Expert Voices: MIT's Stuart Madnick on Information Management and the Agile Corporation

By Allan Alter  |  Posted 05-31-2006

Expert Voices: MIT's Stuart Madnick on Information Management and the Agile Corporation

Stuart Madnick, a professor of information technology at the Massachusetts Institute of Technology's Sloan School of Business since 1972, has been thinking about how to get more value out of information longer than just about anyone. He began his career creating operating systems and studying software development, then moved on to co-direct or chair MIT's research programs on productivity from information technology and total data quality management. In the meantime, he co-founded four high-tech companies. He's enjoyed enough success to buy a 600 year-old castle in Northumbria, England, which he has run as a hotel for 20 years.
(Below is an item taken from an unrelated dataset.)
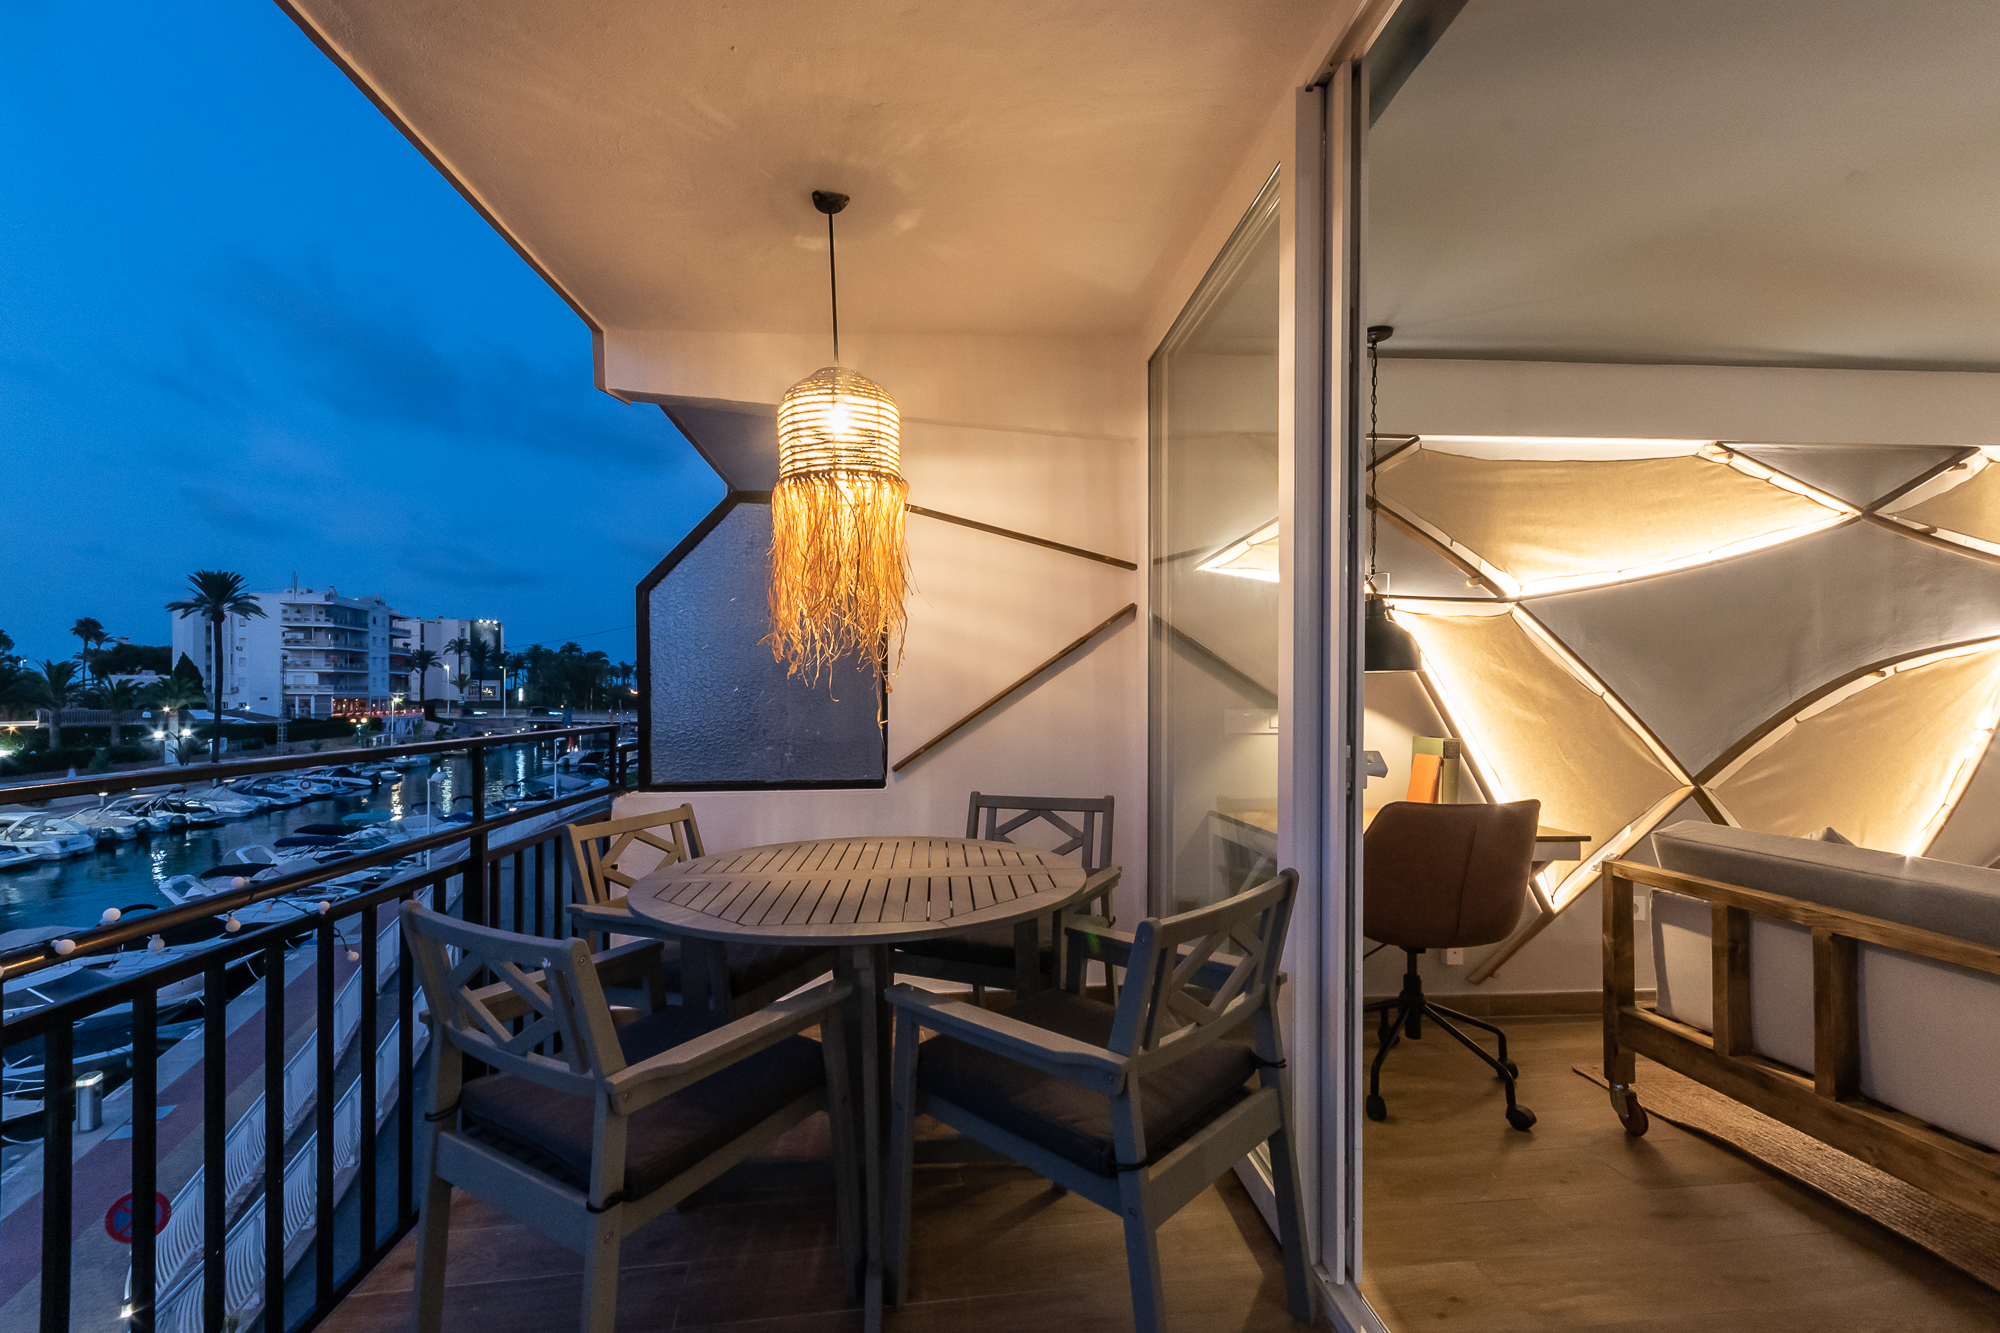 Mooi gerenoveerd appartement met uitzicht op het kanaal en honderd meter van het strand
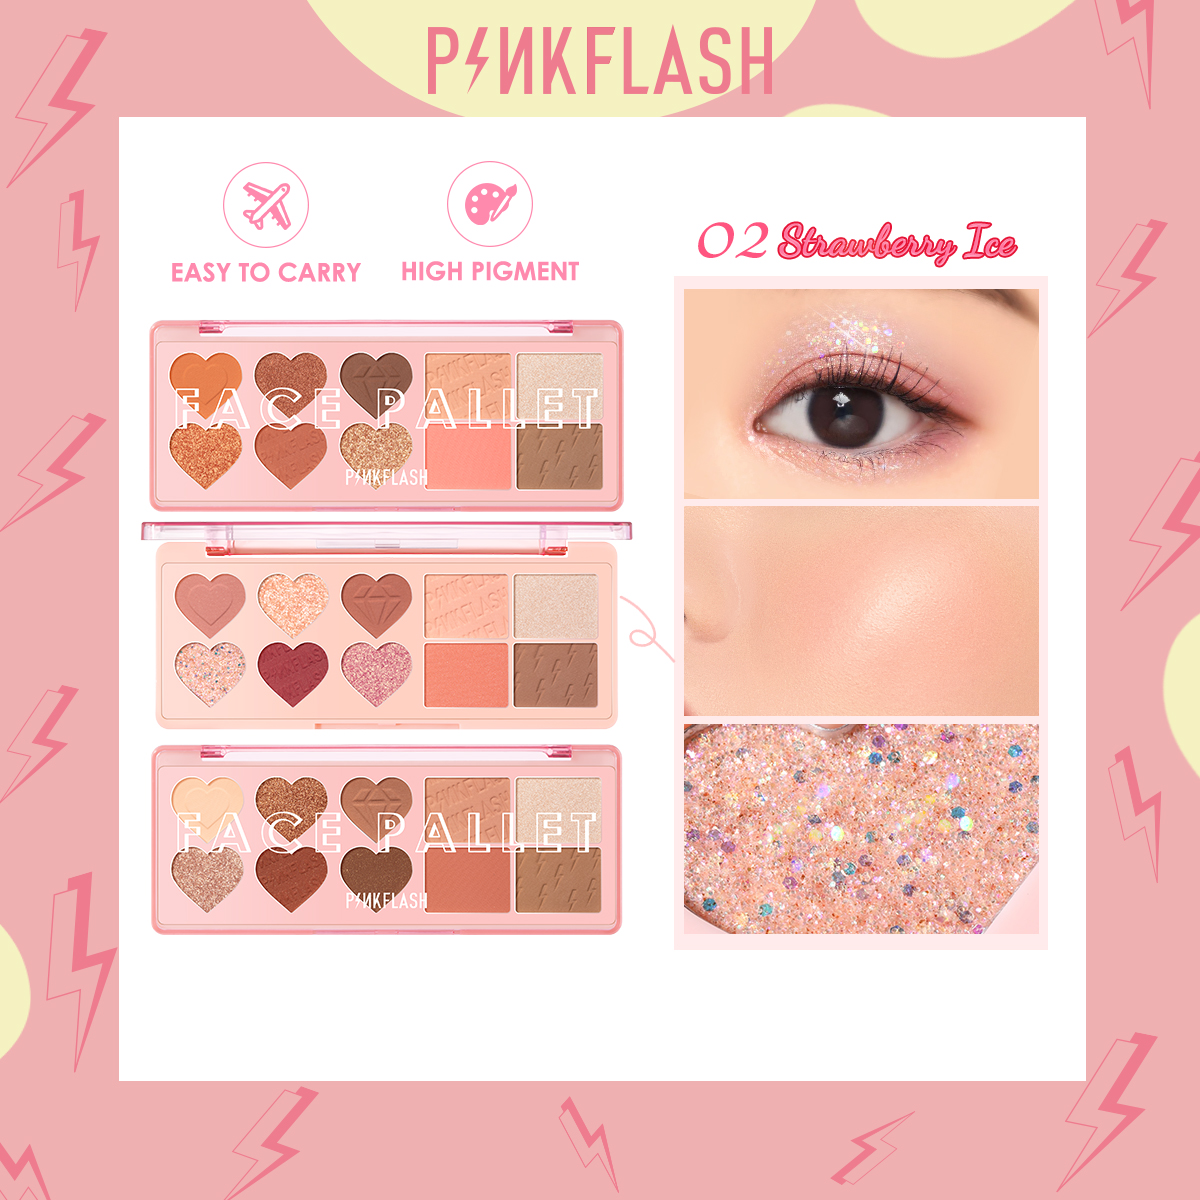 [Hàng mới về] Bảng Phấn Trang Điểm Pinkflash Ohmylove 4 Trong 1 Gồm Phấn Mắt/ Phấn Má Hồng/ Phấn Bắt Sáng/ Phấn Tạo Khối

CIOs have devoted a great deal of effort to make their IT infrastructure more flexible and agile. Madnick argues their company's information needs to be agile too. The challenge today, he says, is "to be able to use information for purposes we haven't anticipated before and at speeds far faster than before." Imposing standards and structure on data can't do the job entirely: Too much information is unstructured, and standardizing all the data you have is impractical.

The solution, Madnick believes, lies in "aggregation" and "mediation": finding and pulling together the information someone needs, whatever the source or how the data is structured, and standardizing it on the fly to suit the user's preferences. Imagine a global comparison shopping Web site that scans Web sites for the best price, but reports back the price in the currency of your choice, with taxes and shipping costs, and you have an idea how this might benefit buyers. But this approach could, if successful, also give corporations the means to find answers to all sorts of unanticipated ad hoc queries, improving decision-making and responsiveness to changes in the business environment. Madnick and his fellow researchers at MIT's DARPA-underwritten Context Interchange (COIN) project have been working for six years to develop the necessary technology. An edited version of Executive Editor Allan Alter's interview with Prof. Madnick follows:

Next page: Bad Answers, Bad Decisions

Part 2

: Bad Answers, Bad Decisions">

CIO INSIGHT: Why is making better use of information such a high priority now?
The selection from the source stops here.